Play scales. Know what notes are where on the instrument. IMPORTANT.
Loosen up your bow hand. You need to focus on the fingering before the bowing, so let yourself play without obstruction.
Ornament as you go. I find it helps you signpost the tune and cement it in your head with little landmarkers of sorts.
...That's about all I've got. Oh, and have fun too!
--DtM
# Posted on February 16th 2007 by Dan the Man
Re: learning tunes by ear
Good for you, thwtmlslacoas. (may I call you thwt for short?) Spit it all out.

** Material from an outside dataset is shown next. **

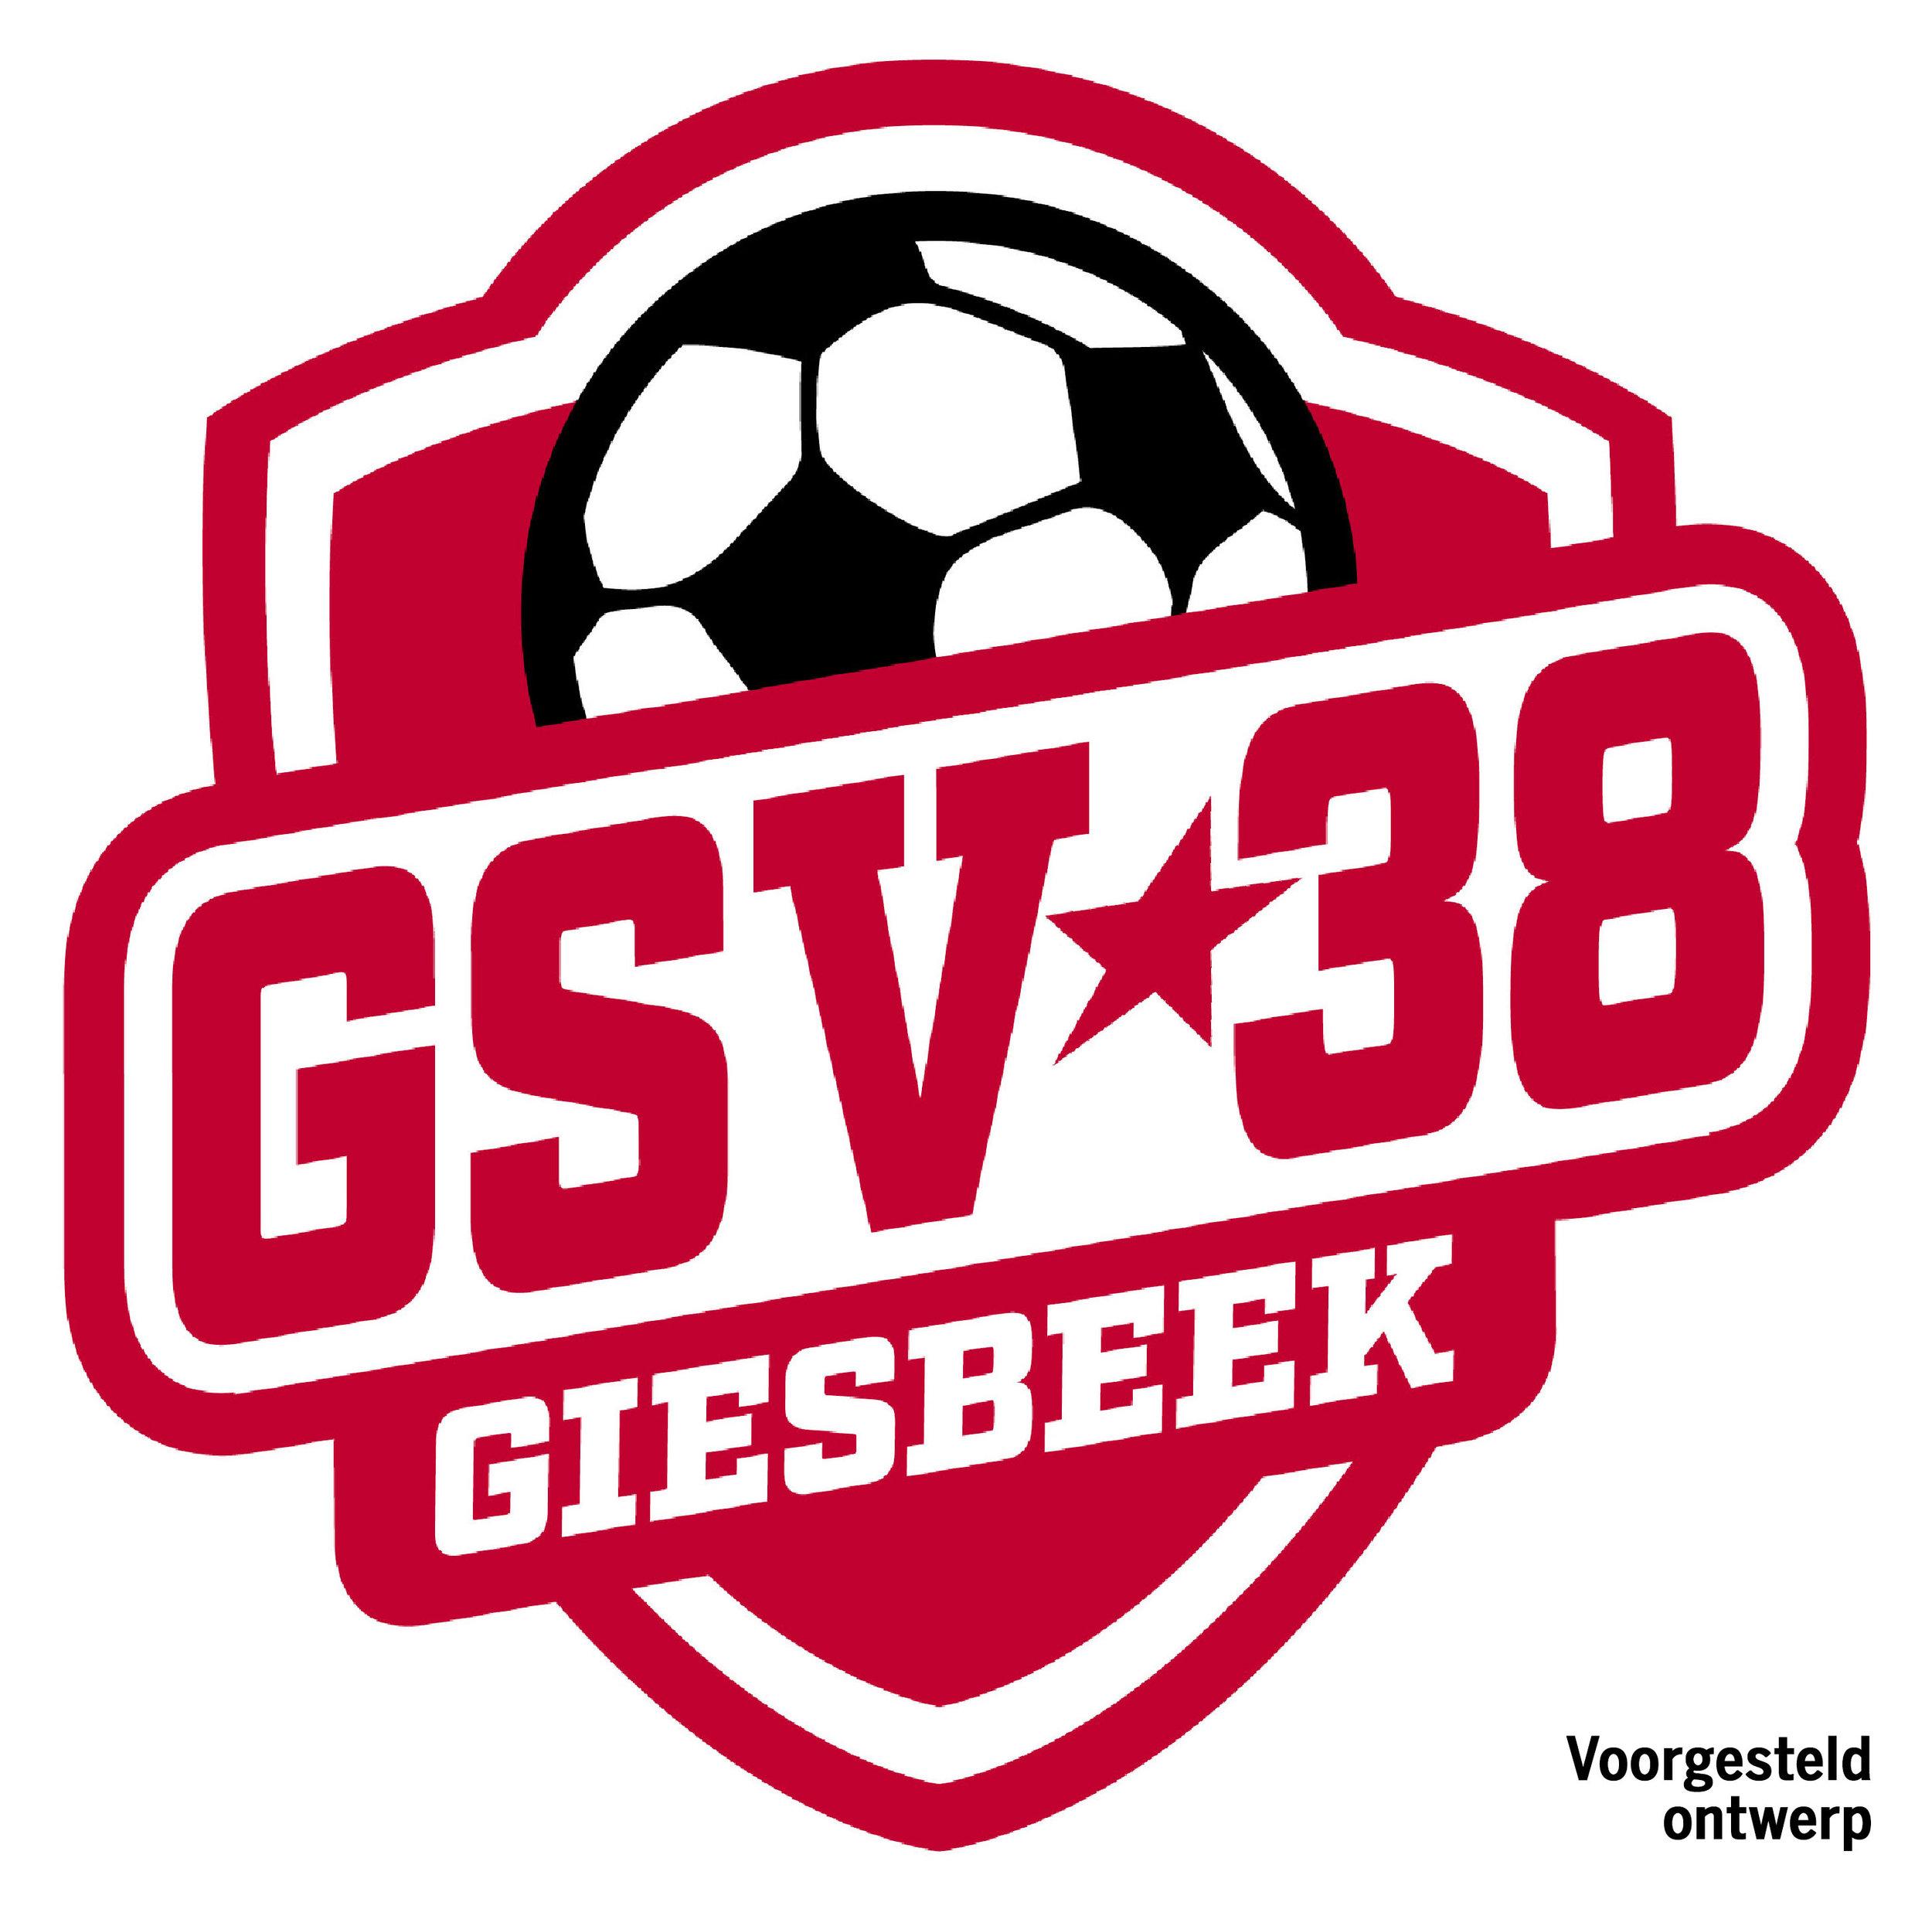 LOGO_GSV38_Voorgesteld_SqSp.jpg

# Posted on February 16th 2007 by oldstrings
Re: learning tunes by ear
Hi, FiddleLassie,
I used to think that learning tunes by ear was some magical skill that only prodigies possessed, and that there was no way that mere mortals such as myself would ever learn how to do it. I had this notion that it consisted of musical geniuses with perfect pitch listening to a tune once, and then being able to play it.
Apparently there are some people who CAN do that, but I'm certainly not one of them, but I've still managed to pick up a number of tunes in the five months since I've started going to sessions.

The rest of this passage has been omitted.